IJH, one of the biggest mid-cap ETFs in the U.S., tracks the S&P MidCap 400 Index. Importantly, the fund has low fees, making it compelling for long-term investors.

“BlackRock charges an ultra-low 0.07% fee for this fund. This cost advantage has translated into strong category-relative performance over the long term,” said Morningstar in a recent note. “Over the trailing 10 years through June 2019, the fund outperformed the category average by 208 basis points annualized while exhibiting slightly greater risk. On a risk-adjusted basis, the fund outperformed the mid-blend category average.
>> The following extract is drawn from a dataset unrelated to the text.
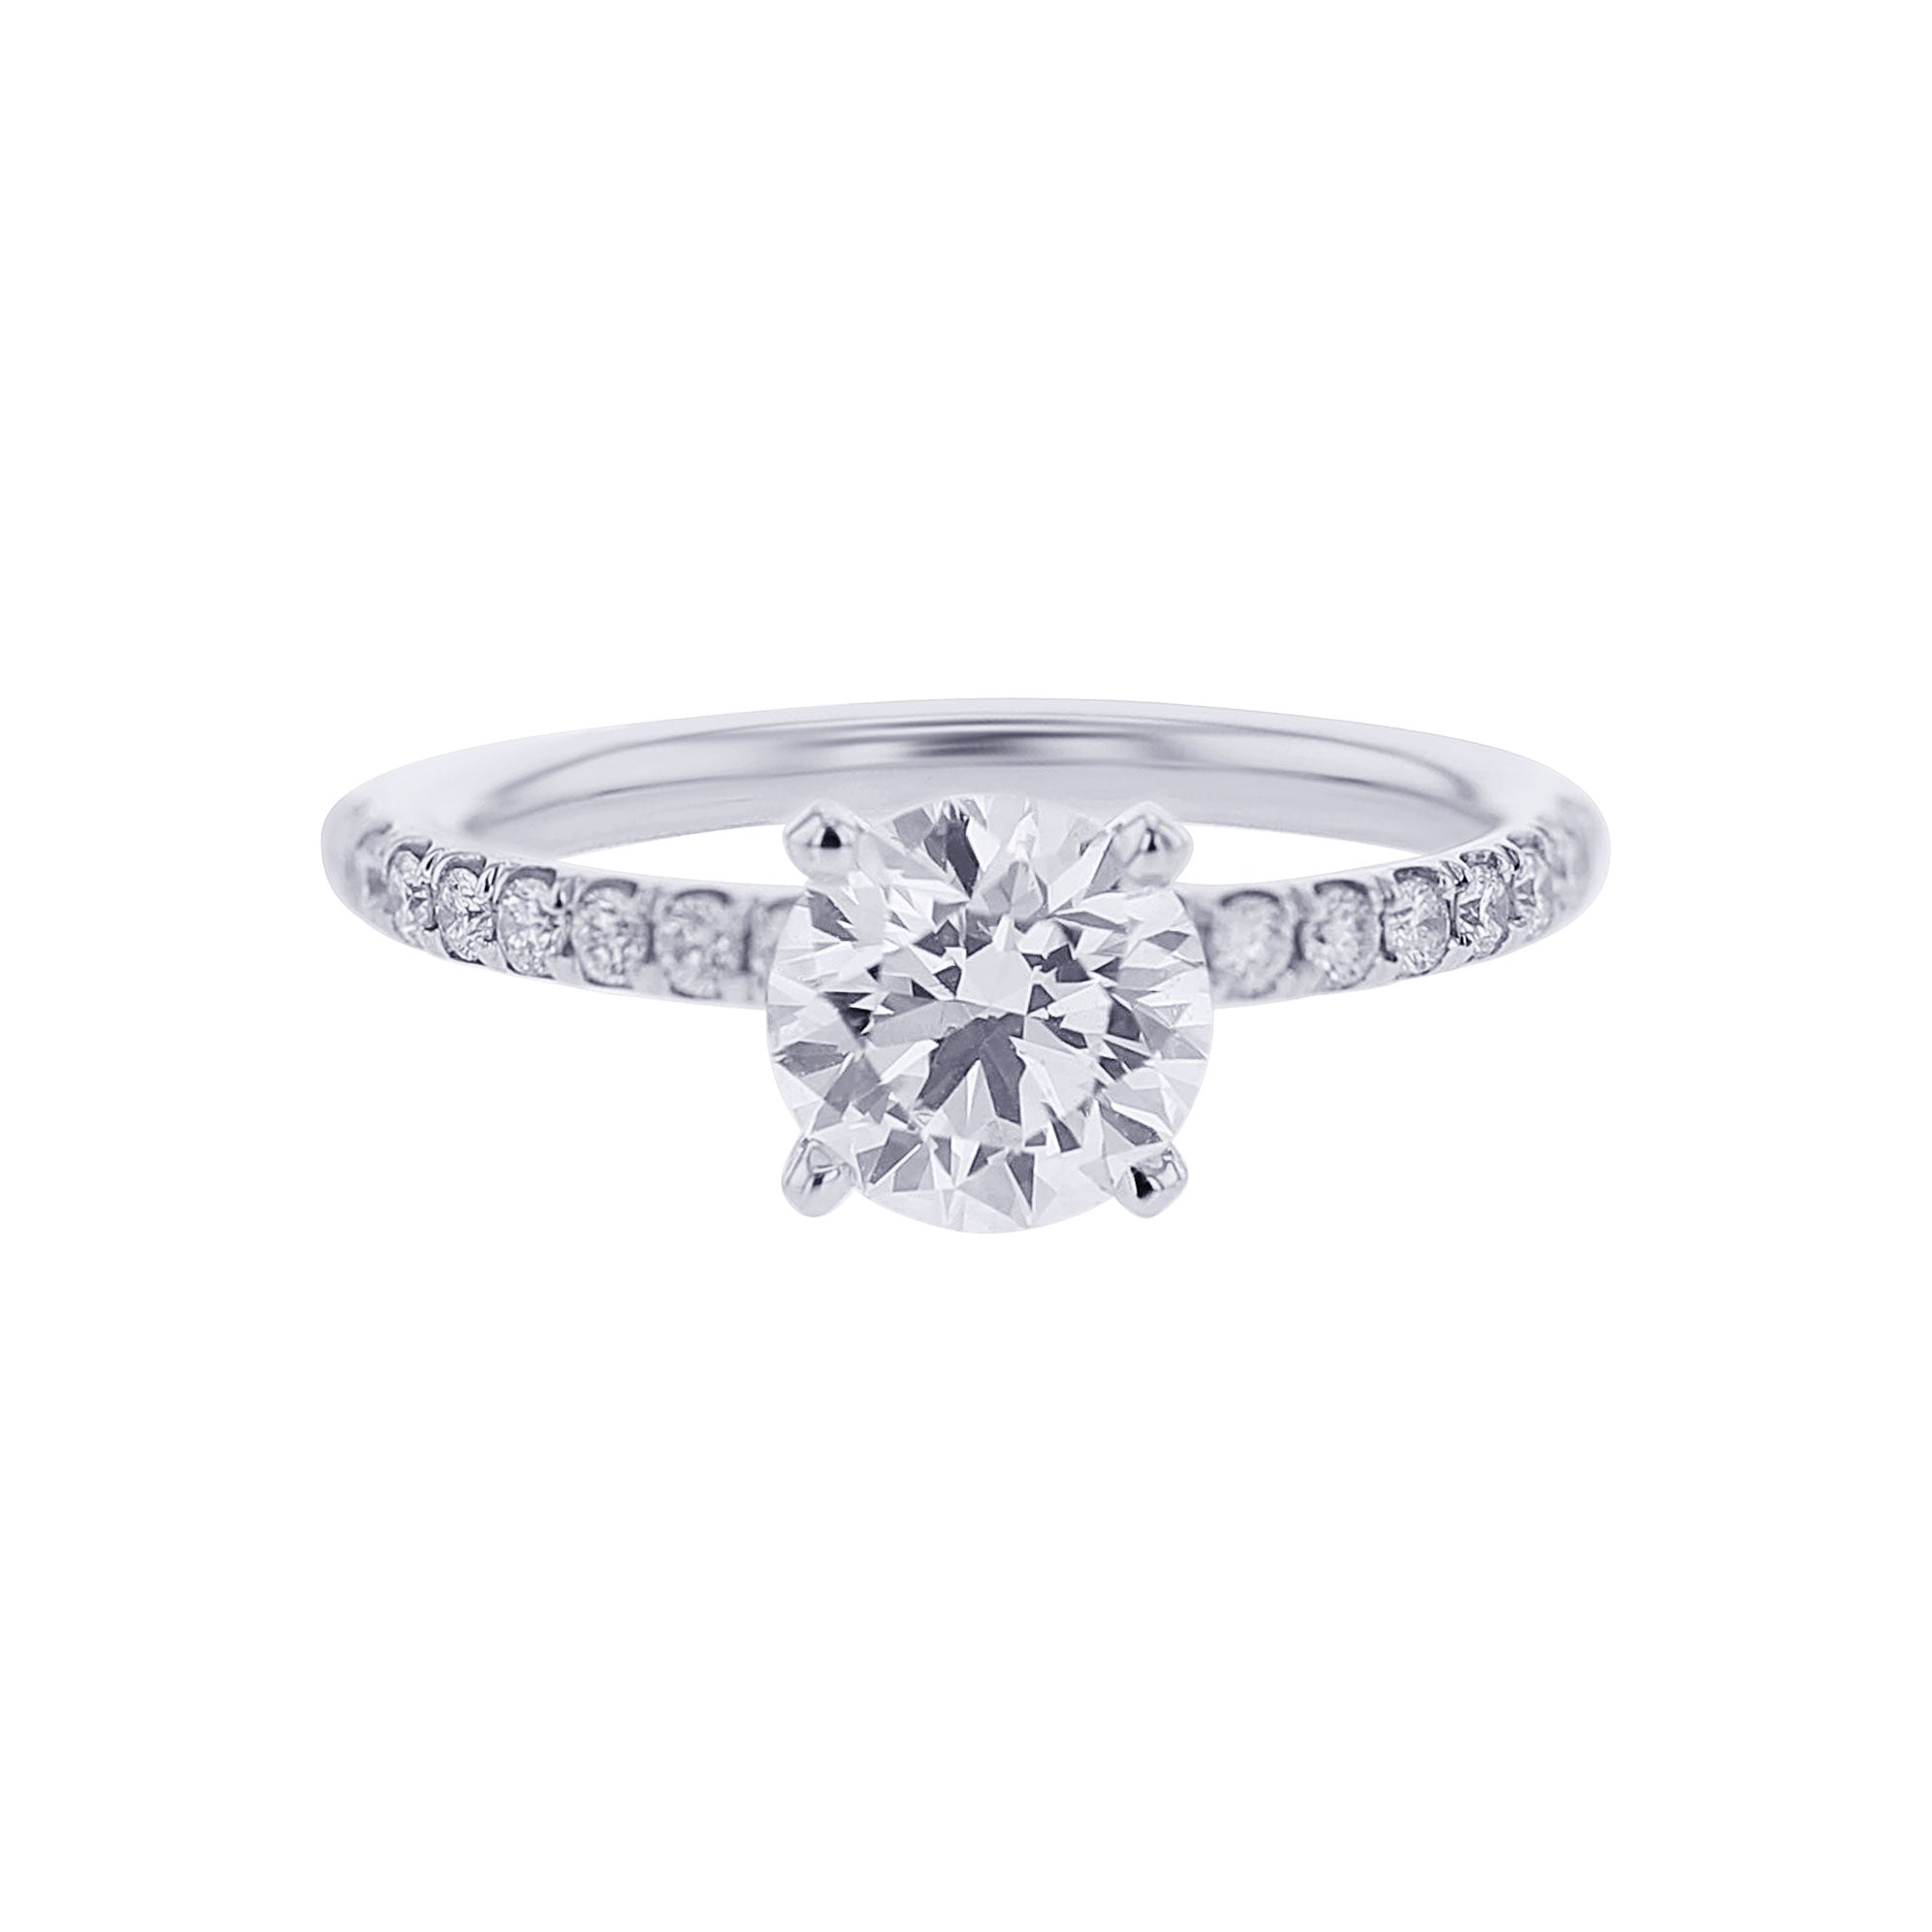 Gwendolyn Certified Ready for Love Engagement Ring 1 1/2ct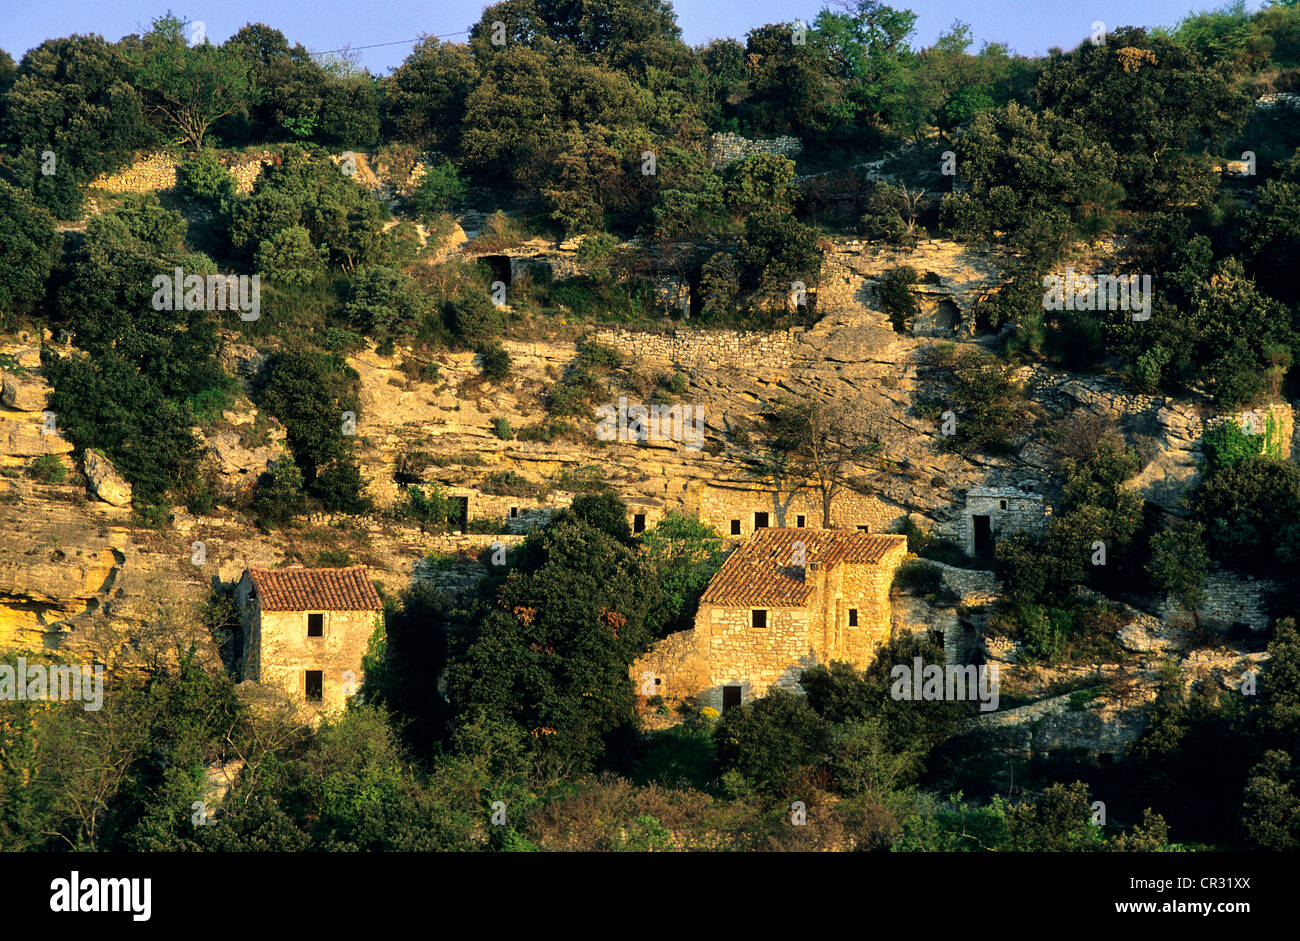 France, Vaucluse, Le Barry, site of half troglodytic dwellings Stock Photo

Overall, this fund should continue to enjoy a durable long-term edge over many of its competitors because of its low expense ratio and lower-than-average cash drag.”

Inside IJH

There are compelling reasons why IJH makes for a useful, long-term portfolio building block.

“Mid-cap stocks tend to have higher long-term growth potential than large-cap stocks,” according to Morningstar. “They tended to grow earnings at a faster clip than the stocks in the S&P 500 over the trailing 10 years through July 2019. Furthermore, mid-cap stocks tend to exhibit slightly lower volatility than small caps. Over the trailing 10 years through July 2019, IJH exhibited an annualized standard deviation of 15.03%.”

IJH has minimal single-stock risk, but the fund’s top four sector weights – financial services, industrials, technology, and consumer cyclicals – combine for over 61% of the ETF’s roster.

Morningstar has a Gold rating on IJH.